So I'd like to ask readers here, is there a website you associate the word with, or is there a writer you associate it with? Do you have any idea of when you first noticed the use of the word as Joe Klein likely understands it.

Jeff Wegerson January 1, 2010 - 11:09am

to be sure. lol I'm not sure where I first saw it.

Tina January 1, 2010 - 11:31am

The kickoff may have been a column by David Broder or David Brooks lamenting how the Clintons had "trashed the place" - meaning Washington, adding that this was "their" place and rubes like the Clintons didn't belong there.

Someone like Digby or Atrios or Markos converted this into the concept of "The Village," a small insular place where the elites live in comfort and look down condescendingly on the plebians. The Village included not just the politicians who spend their lives in Washington, especially as lobbyists once they leave Congress, but the media stars like Joe Klein and David Brooks and the late Tim Russert who bristled at anyone questioning their judgment. Glenn Greenwald likes to ridicule the Village People for their hubris, their group thinking, their pontificating smugness, the emptiness of their thinking, and the fact that ultimately they are corporate toadies because corporations allow them to be multi-millionaire celebrities.

You can find a good deal of Village references on Daily Kos as well.

Joe Klein seems especially prickly about the ridicule he gets on the internet blogs. I've noticed that a number of these people in the Washington media are starting to lash back, especially at someone like Greenwald who writes convincingly and with assurance and convinction, and who skewers these people constantly by referencing their previous writings or broadcasts. The internet attacks are beginning to hurt, especially at a time when the corporations behind the media are hurting for advertising revenue and subscribers.

Note also two other hallmarks of the Village People. Because they get attacked daily from the right and left, they pride themselves on inhabiting the precious political center. This causes them to put great value on bipartisan solutions as the only solutions worth discussing, so that a guy like Lieberman can be looked up to in the Village for his supposed bipartisanship.

Second, given their wealth and status, they view themselves as part of the nation's elite, and to be a part of that you have to be Serious. Being Serious means willing to invade places like Iraq and send hundreds of thousands of people to their death, or taking deficits Seriously except when Republicans create them, or passing health care with a minimum of 60 senate votes, rather than tackling the stupid cloture rules that prevent majority rule.

Those who don't agree with the Village People are not Serious and therefore not worthy of attention, like bloggers for example.

Numerian January 1, 2010 - 11:53am

Excellent summary, Numerian! I was going to mention Greenwald, too. I believe Klein has been particularly stung by Greenwald's criticism. At a party (last year, I believe) Klein got into a verbal argument in which he excoriated (the absent) Greenwald. This incident was followed up by Klein criticizing Greenwald on a journalism list-serve, that someone then leaked to Greenwald. Greenwald then responded in his Salon column.
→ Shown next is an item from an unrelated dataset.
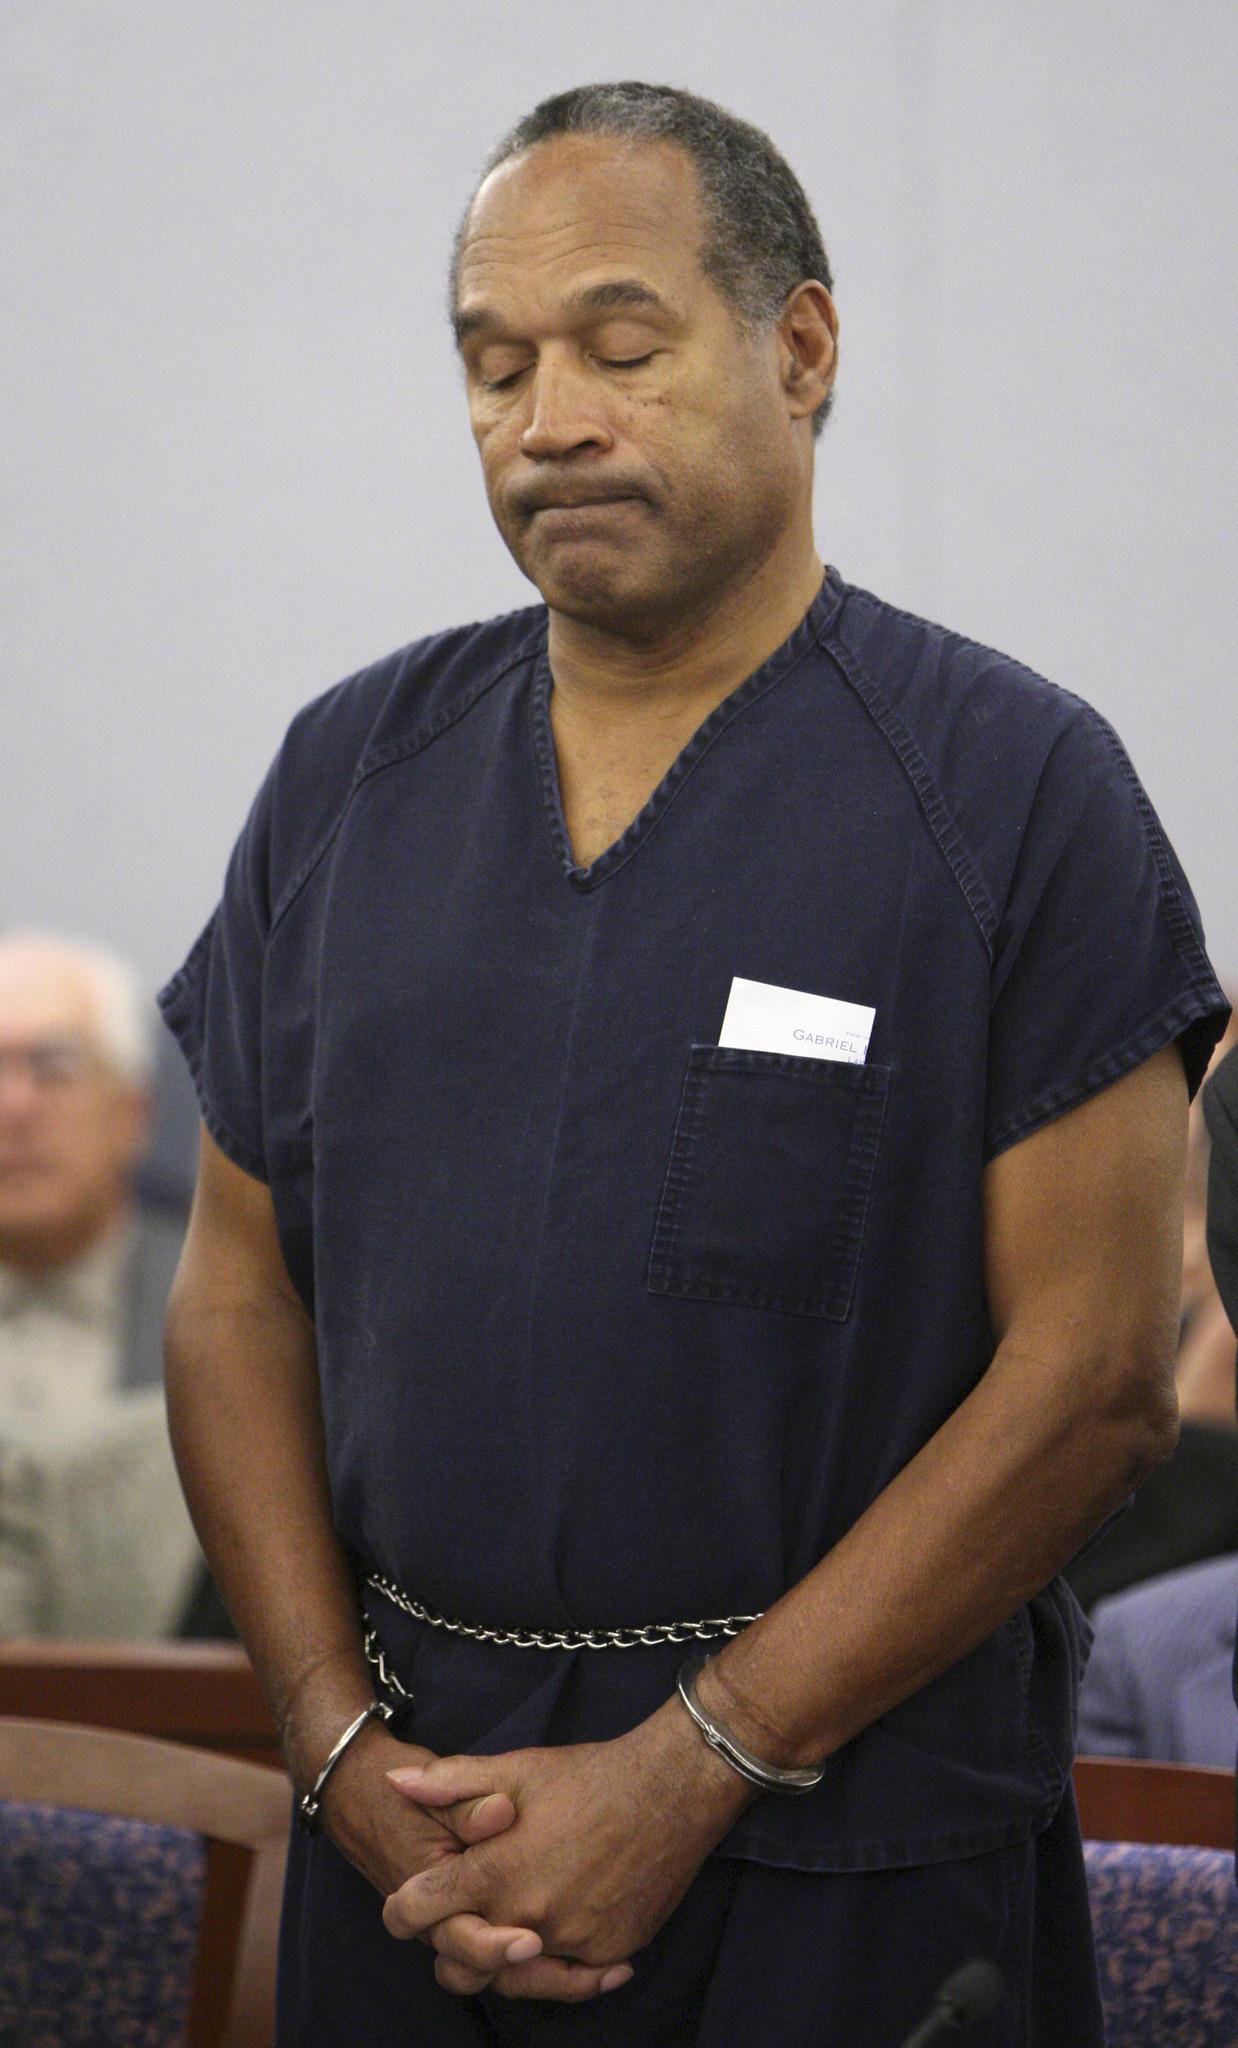 O. J. Simpson cumple una condena en Nevada por delitos no relacionados con el homicidio de su ex esposa. Podría salir en libertad condicional durante 2017

In other words, the two have history. When it comes to debate, however, Greenwald wipes the floor with Klein. A former constitutional and civil rights litigator, Greenwald supports every assertion he makes in print with copious sources and supporting quotes. Put the two side by side, and any sane, intelligent person can see Klein for the empty suit he is--which even Klein realizes at some level. Hence, his ire.

tehBrynn January 1, 2010 - 2:31pm

Eschaton uses it a lot. Maybe They Could Watch General Hospital Instead?, December 31 (Also: Site Search).

Glennzilla's right that for Villagers it's all some exciting soap opera in which they have minor bit parts. It isn't just terrorism - though that's super exciting!! - it's the whole thing. It's all personality and entertainment, the substance is mostly irrelevant except to the extent that it involves someone punching hippies.

Crooks and Liars: Heh. Howard Dean Calls David Broder Inside the Beltway Gossip Columnist, Villager Head Explodes, November 28

Blue Hampshire Villager Trots Out Six Year Old Anti-Dean Narrative, December 18

Baloon Juice: "Villager Alert", December 27

Zandar Versus The Stupid: The Worst Thing Ever, December 28:

Nothing will ever improve until the existing Village structure is dismantled.

Rising Hegemon, But the Village doesn't like it... , October 20


Commentary...

Digby: Goldilocks Punditry

The truth is that the left-blogosphere is a bunch of individual actors and discrete communities who have many different opinions about the Democratic Party, President Obama and the current state of progressive politics. We also mostly agree that the right wing is a collection of hypocritical corporate sponsored wealth protectors and resentful, reactionary stooges. But the one thing we all pretty much agree on is that Villagers will be Villagers --- and forming false equivalences between the left and right is a defining characteristic.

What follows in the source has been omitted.